# Lion King at the Superscreen



## Karl Foster (Mar 23, 2002)

I took my daughter to the local superscreen (away from the tv and DVD player) to see The Lion King last night as she was only three when it was in theaters during it's first release. 

All I can say is wow! It was incredible compared to watching it on VHS - I assume it will be on DVD this summer like Beauty & The Beast was last year. 

To see that gorgeous animation in a six-story theater with the booming digital sound was well worth the $6 admission. If any of you have kids that didn't get to see it in theaters, I would recommend taking them to see it (if you have an IMAX or Superscreen theater in your city).


----------



## Chris Blount (Jun 22, 2001)

I know what you mean. I saw Beauty & The Beast at the IMAX last year. It was awesome! I plan on taking my daughter to see The Lion King.


----------



## Pete K. (Apr 23, 2002)

I'm taking my son and a friend of his on
Monday. I've seen the movie several
times but never in IMAX.


----------



## Karl Foster (Mar 23, 2002)

Wait until you hear the lions roar and the wildebeast stampede in full digital surround sound. Ohhh - Ahhh!


----------



## Ric (Apr 26, 2002)

Based on the recommendations here, I took my sons to see Lion King at IMAX. Was great right up to the moment where Simba and Nala fight. That's about the time I guess the 'IMAX experience' got to my 3 year old as he upchucked his popcorn and lemonade. 
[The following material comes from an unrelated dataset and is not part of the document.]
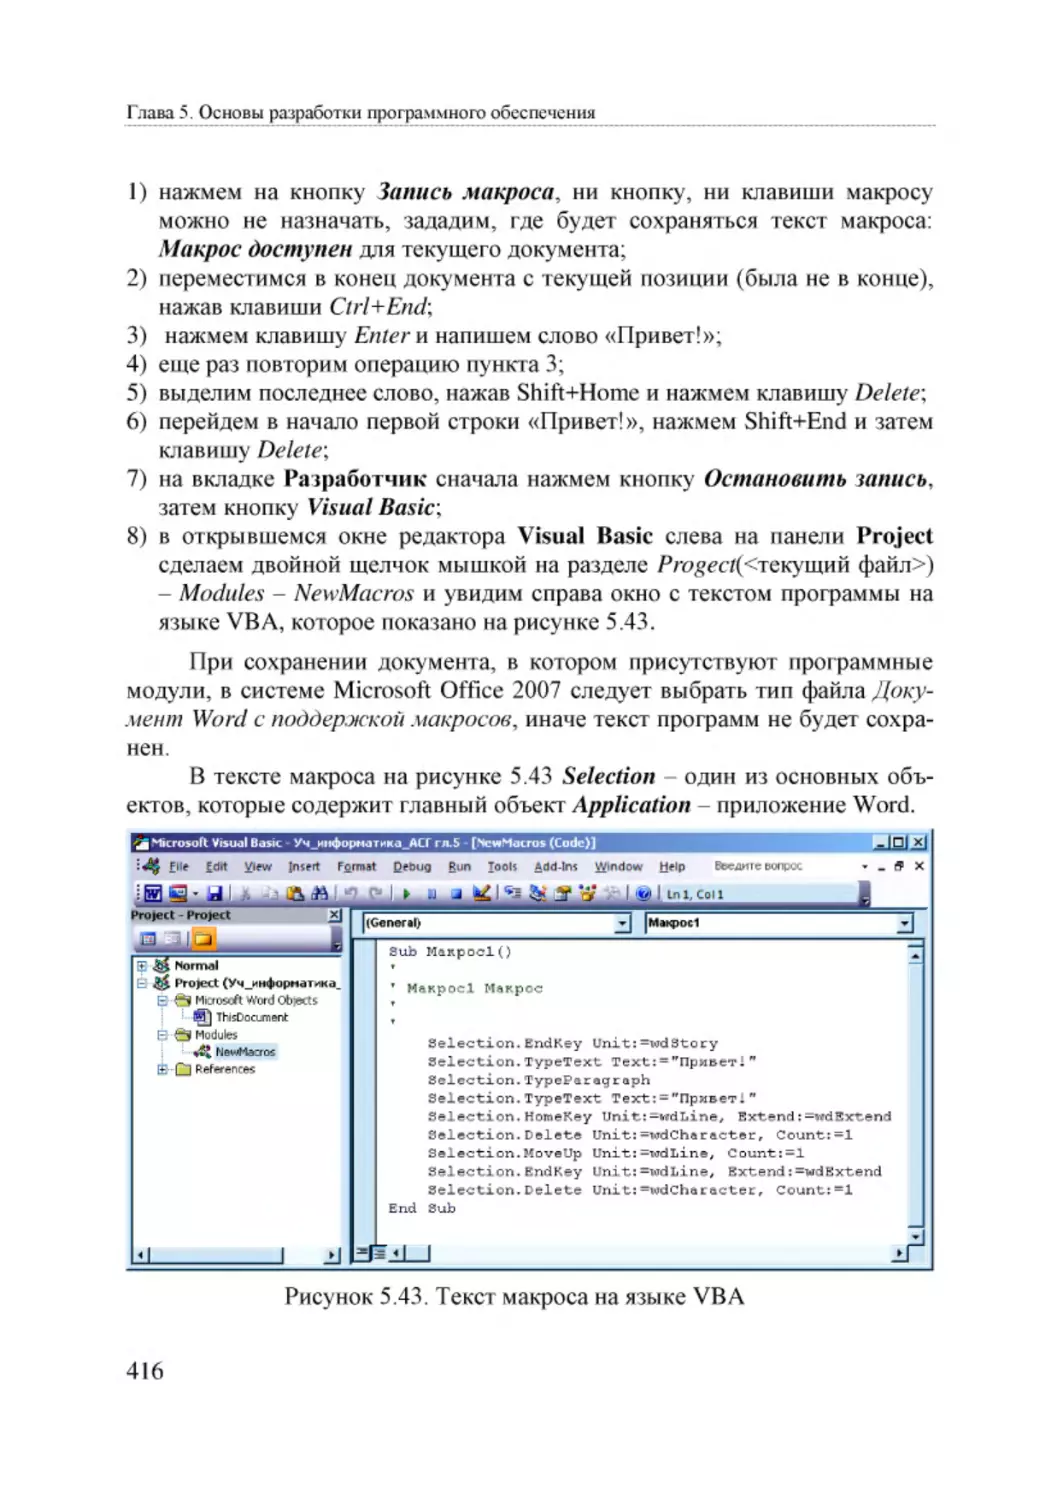 Informatika_Uchebnik_dlya_vuzov_2010 416
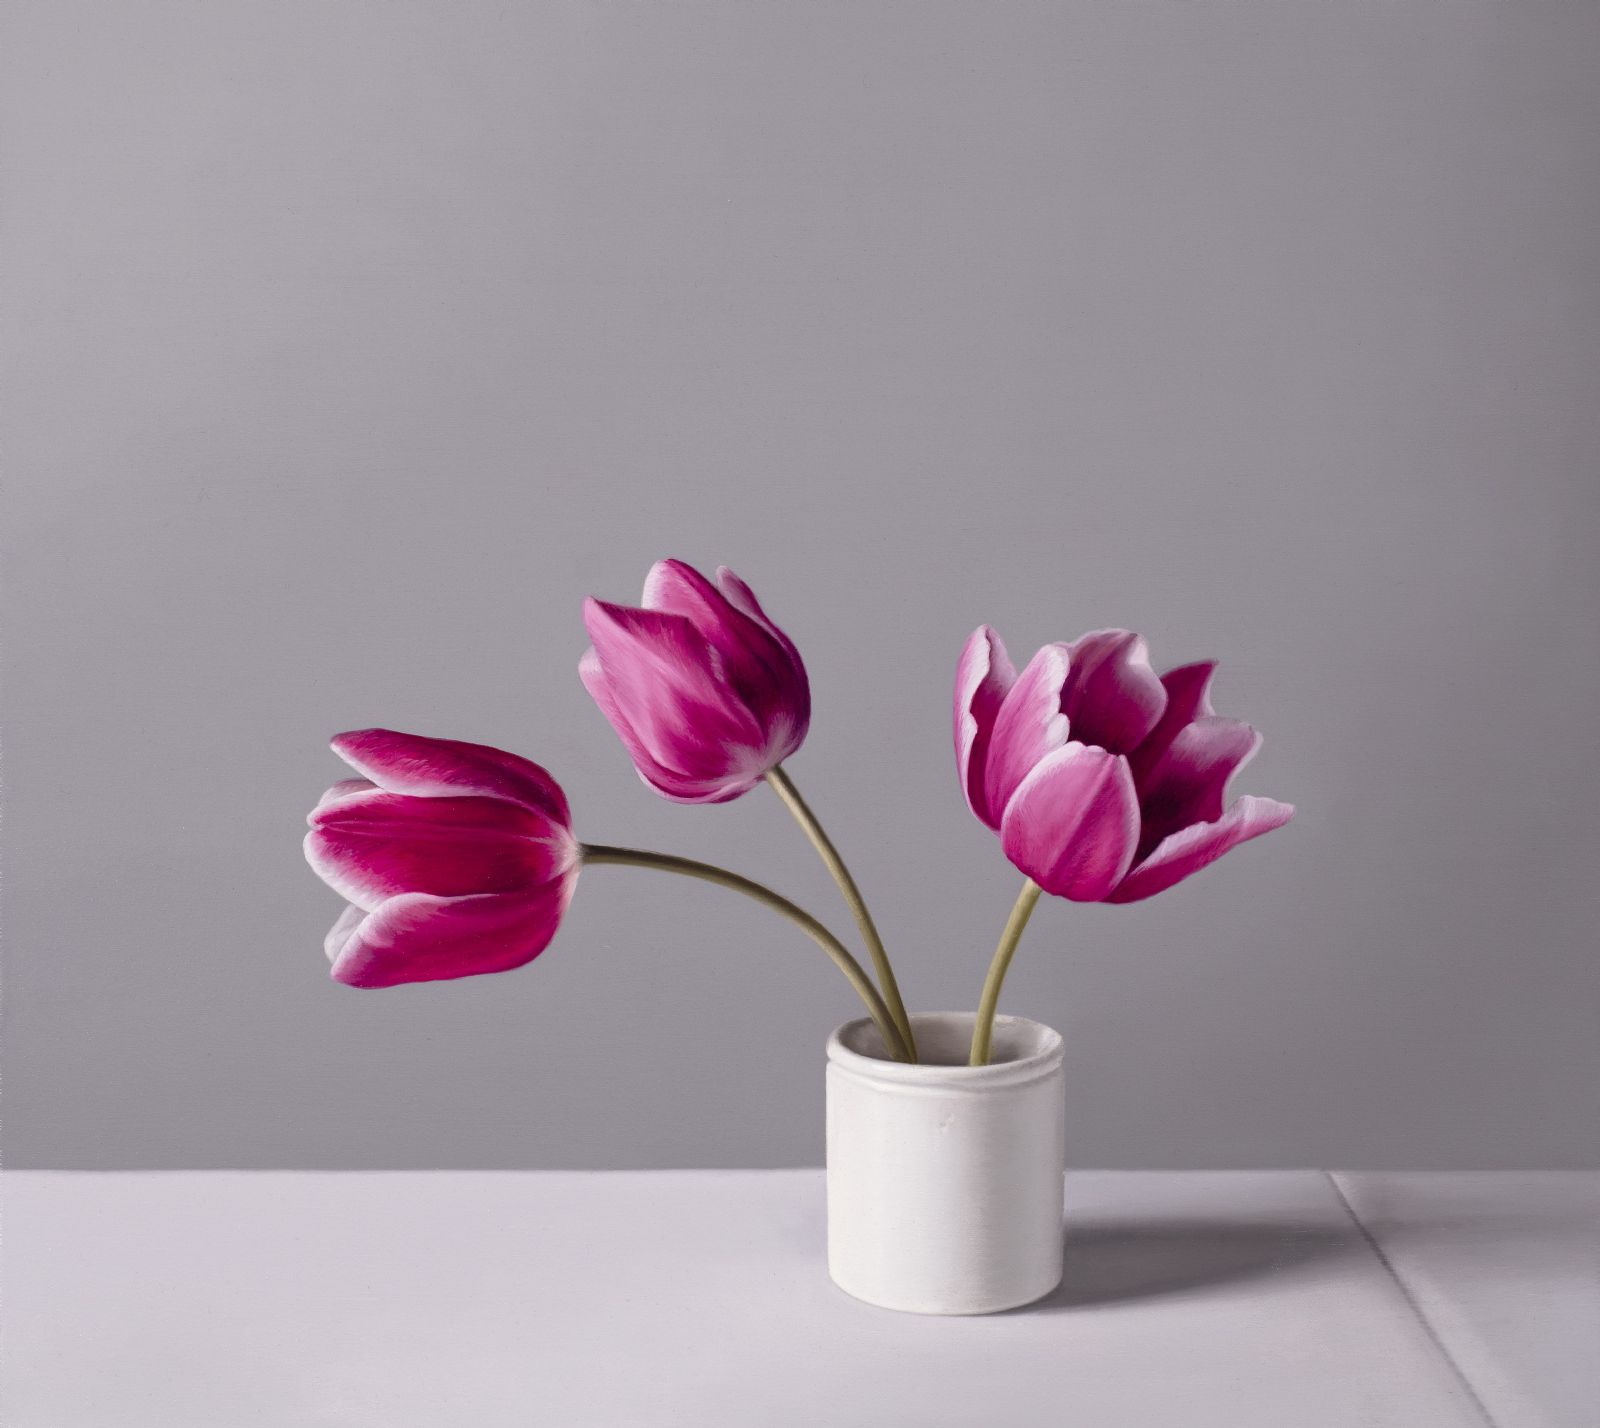 Jo Barrett - Still Life with Pink Tulips

Financially, I wouldn't recommend taking a family of four again - tickets alone hit $36 (middle of the afternoon) + the add-on for goodies from the snack bar. 

Other than that - the picture was incredible and sound was fantastic. Will probably hit it alone for LOTR. 

Warning = If you have any inkling of motion sickness in a little one - beware!!!!!!


----------



## BobMurdoch (Apr 24, 2002)

Coming Attractions note. This will be a Platinum Edition DVD in October (ala Beatuy and the Beast)

Coming NEXT Christmas --- Aladdin. With a DVD to follow 11 months later.

After that who knows... maybe the Little Mermaid. This Beauty/Lion/Aladdin "trilogy" was the peak of Disney Animation in the early 90's before they stumbled with Pocahantas and the Hunchback. Ironically the best movies since have been Mulan and Lilo and Stich (both made in Florida instead of California). Here's hoping they both get the next Platinum/Imax treatment.


----------



## Karl Foster (Mar 23, 2002)

I think Mulan on the Superscreen with the Huns attacking in the snow would be awesome. I'm a Disney animation buff, if you can't tell. The worst Disney animated film is better than the best other studios dish out, the exception being Shrek by Dreamworks.


----------



## Steve Mehs (Mar 21, 2002)

Don't get me wrong, I love IMAX, it was awesome experience, price is a little up there, but it's well worth it. My gripe is when will they start to have the movies I like, some action flick with Cage, Gibson or Trovolta. I would just about give anything to see Windtalkers at the IMAX, the battle scene would look and sound incredible.


----------